UPDATE: Replaced strcpy() with wcscpy() in the example.
BSTR objects contain a length prefix, so finding out the length is cheap. Find out the length, allocate a new array big enough to hold the result, process into that, and remember to free it when you're done.
There is never any need for conversion. A BSTR pointer points to the first character of the string and it is null-terminated. The length is stored before the first character in memory. BSTRs are always Unicode (UTF-16/UCS-2). There was at one stage something called an 'ANSI BSTR' - there are some references in legacy APIs - but you can ignore these in current development.
This means you can pass a BSTR safely to any function expecting a wchar_t.

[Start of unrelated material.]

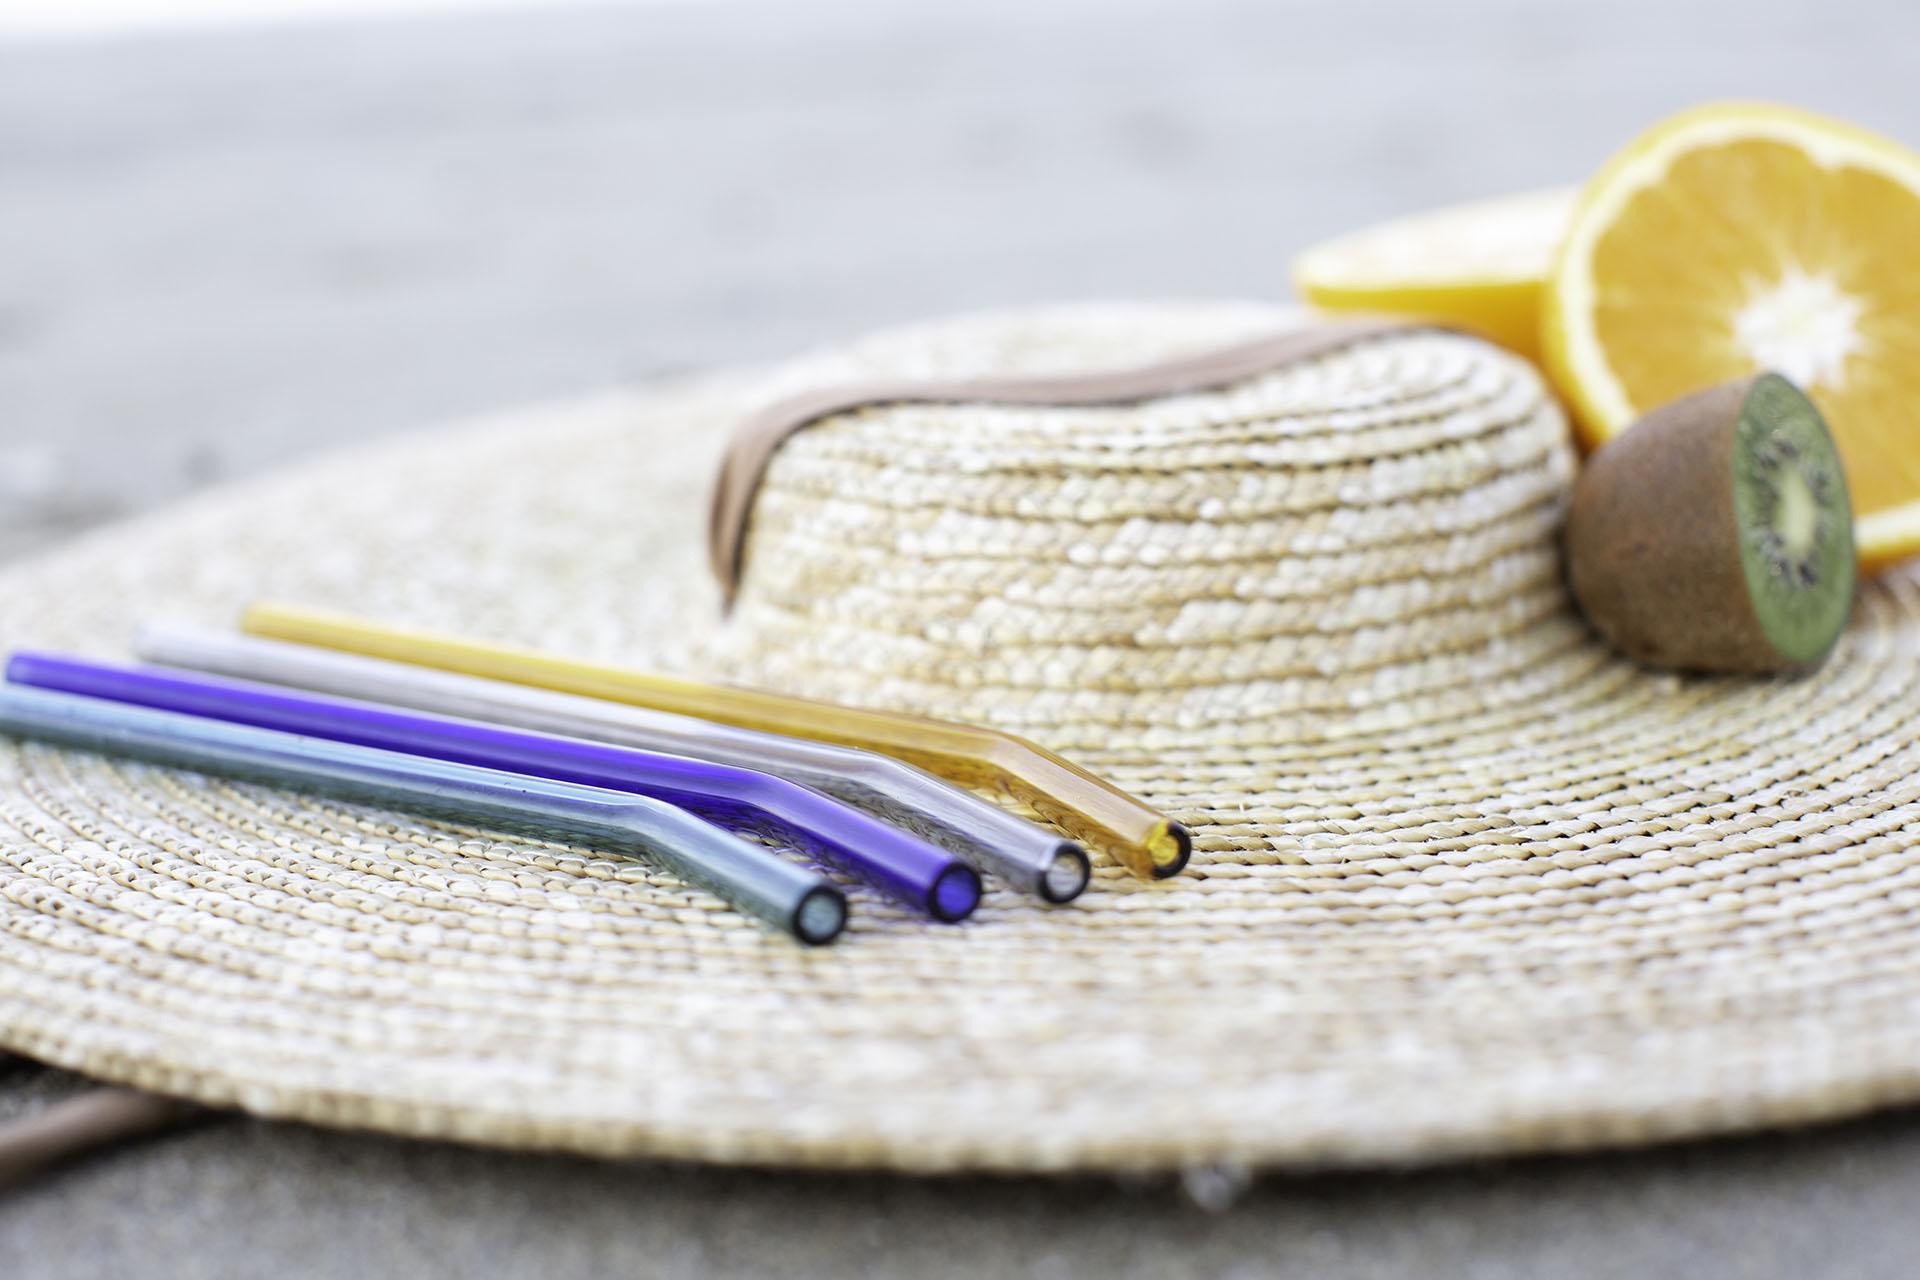 Texto: Os canudos de vidro borosilicato da Oxford são opções de produtos reutilizáveis que a marca oferece. Foto: Carpintaria Estúdio.

In Visual Studio 2008 you may get a compiler error, because BSTR is defined as a pointer to unsigned short, while wchar_t is a native type. You can either cast or turn off wchar_t compliance with /Zc:wchar_t.
One thing to keep in mind is that BSTR strings can, and often do, contain embedded nulls. A null does not mean the end of the string.
Use ATL, and CStringT then you can just use the assignment operator. Or you can use the USES_CONVERSION macros, these use heap alloc, so you will be sure that you won't leak memory.